(Work instruction)
Among the entries below, only the lines from the one with "Carte-cadeau Self-Care Club" through the one with "Jojo Siwa Of" are to be retyped, exactly and without pictures.

BEGIN Input for this task

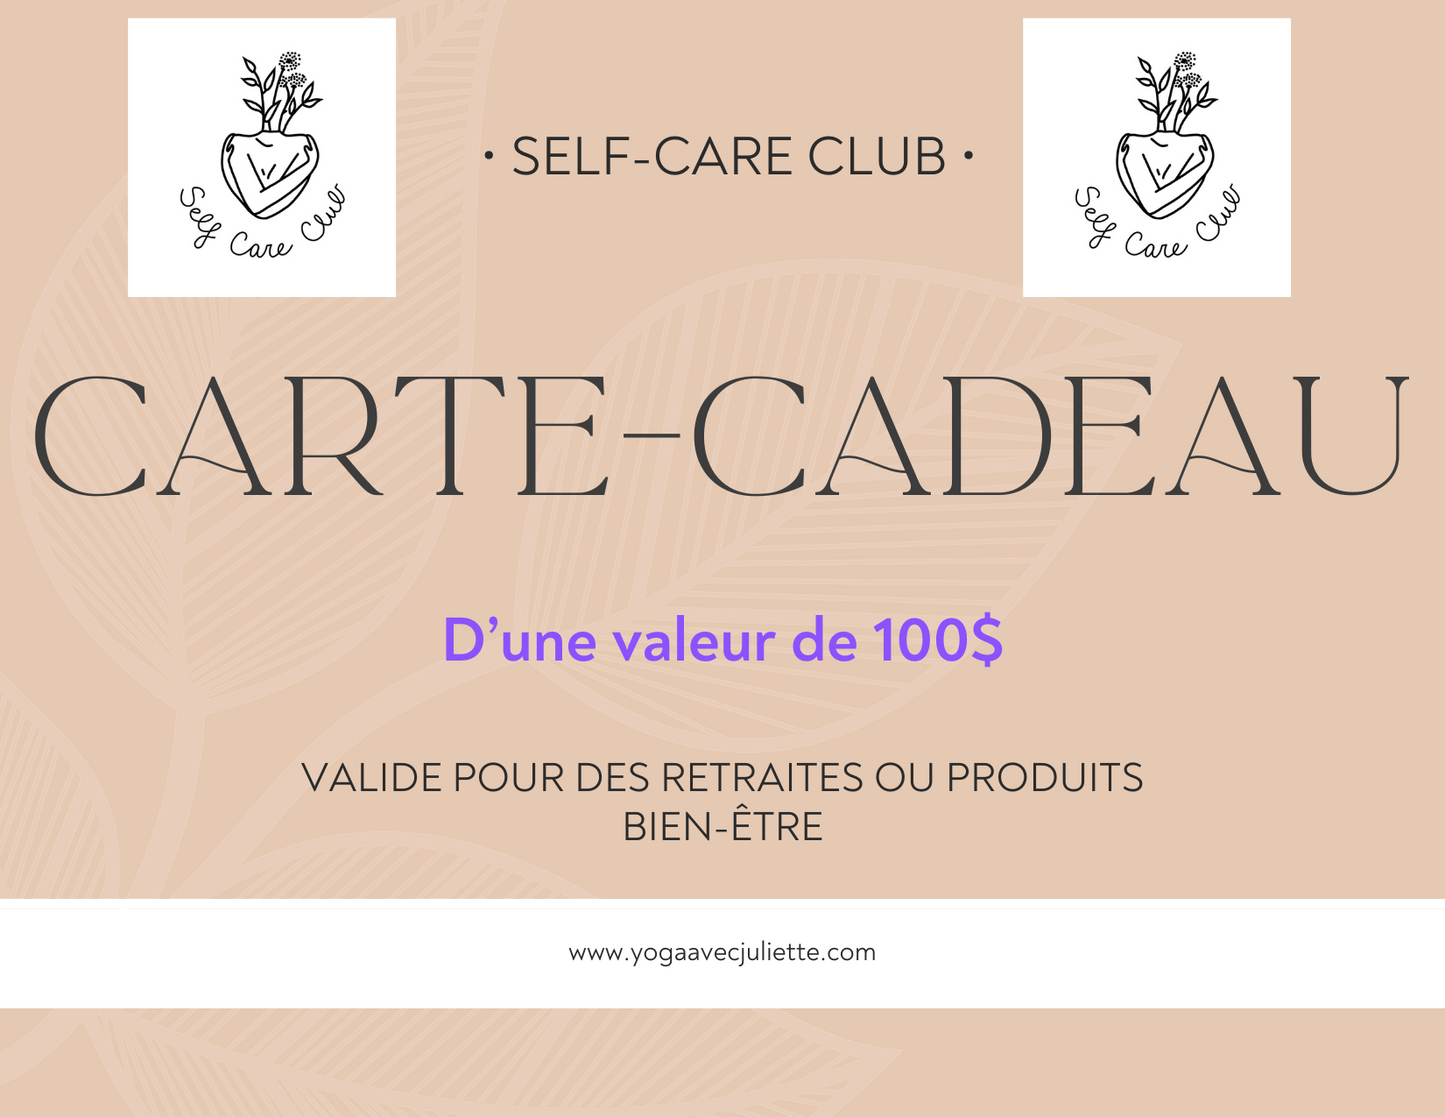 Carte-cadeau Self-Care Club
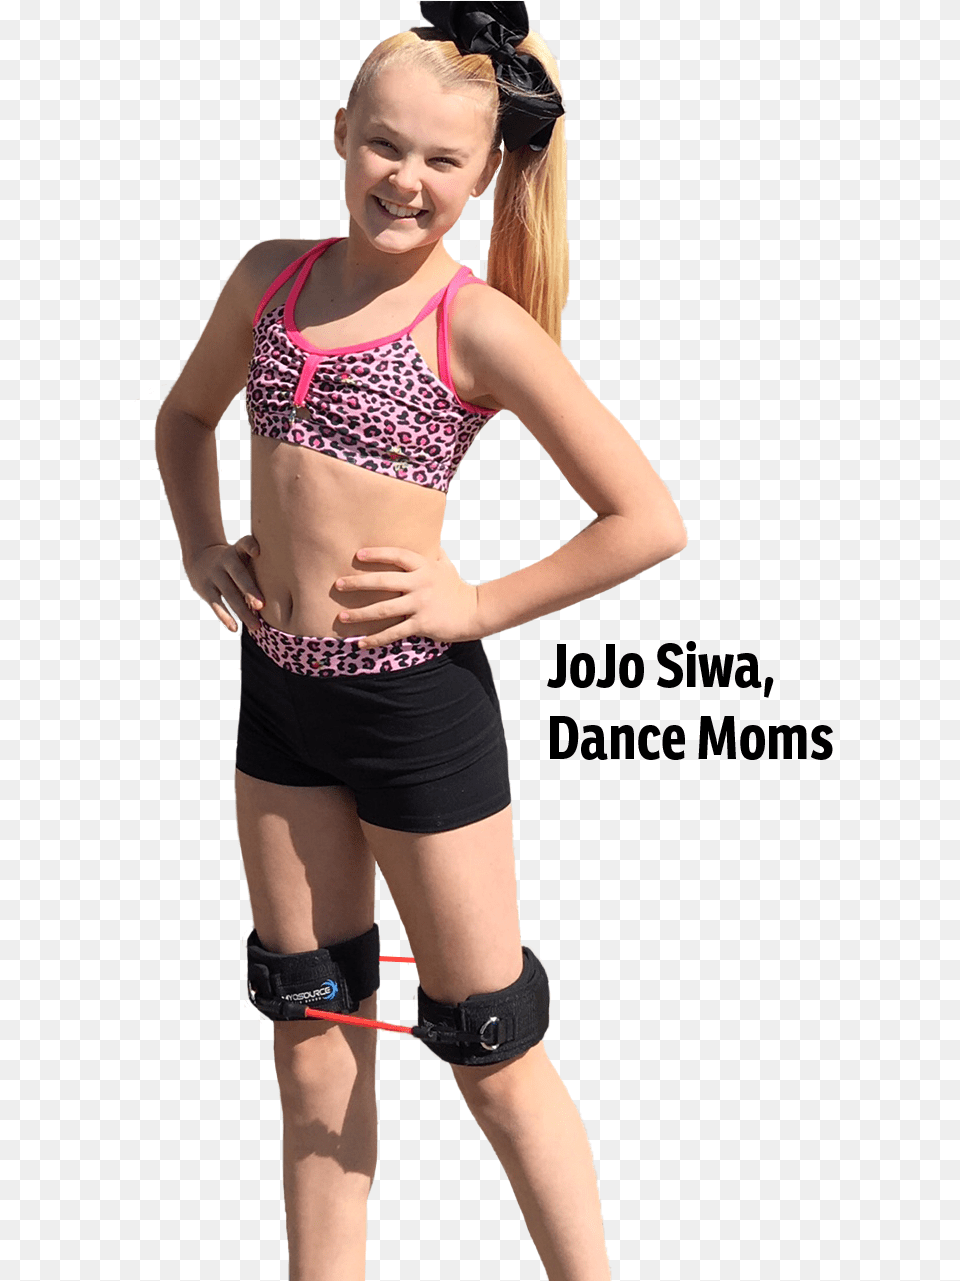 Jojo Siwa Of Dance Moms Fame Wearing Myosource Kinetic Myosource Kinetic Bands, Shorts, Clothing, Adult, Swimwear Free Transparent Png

END Input for this task
BEGIN Input for this task

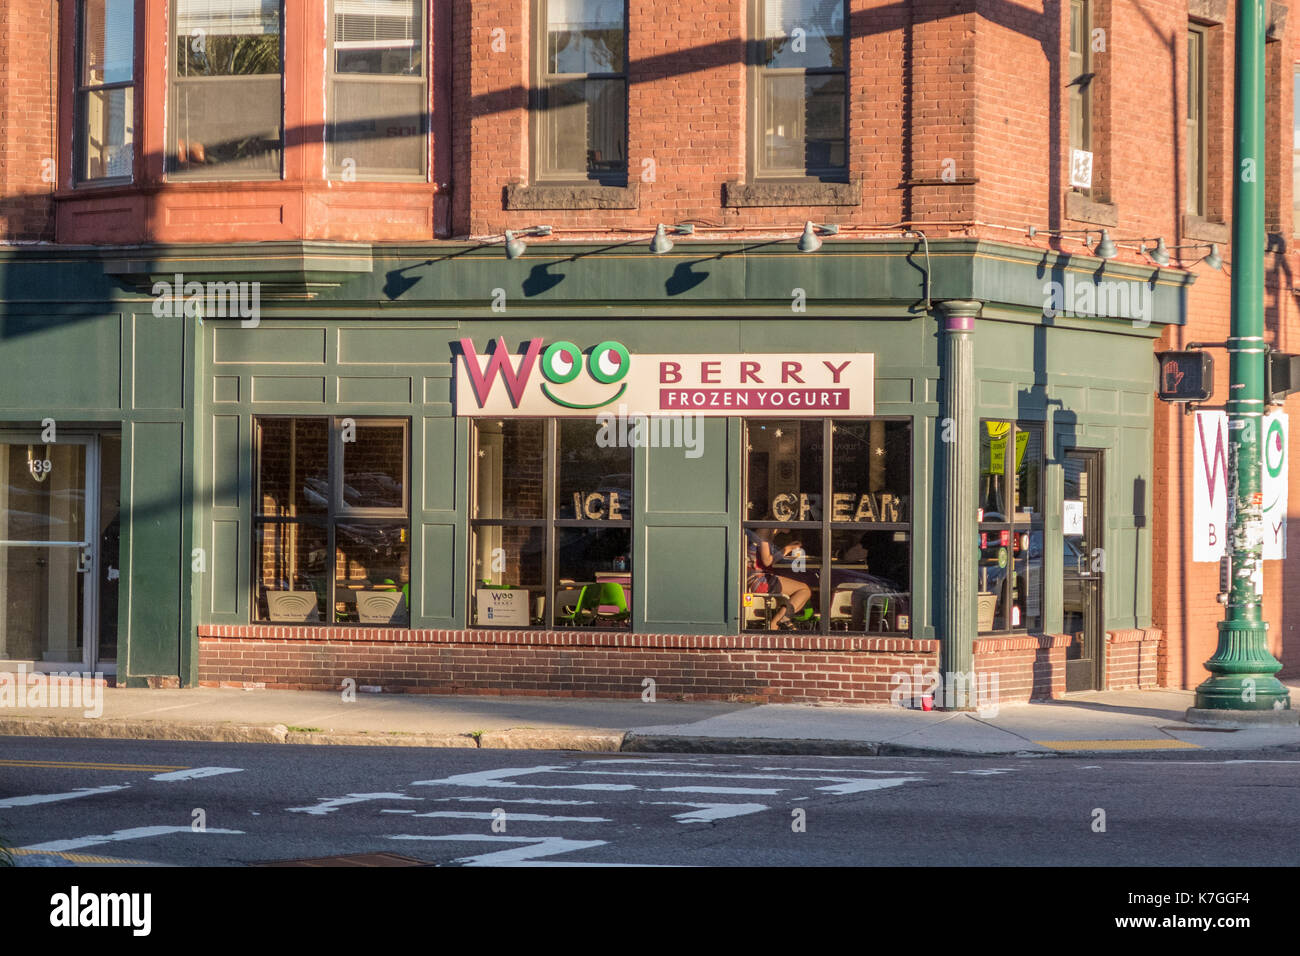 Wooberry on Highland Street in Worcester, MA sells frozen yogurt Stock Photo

END Input for this task

(Exercise response)
 Carte-cadeau Self-Care Club
 Jojo Siwa Of Dance Moms Fame Wearing Myosource Kinetic Myosource Kinetic Bands, Shorts, Clothing, Adult, Swimwear Free Transparent Png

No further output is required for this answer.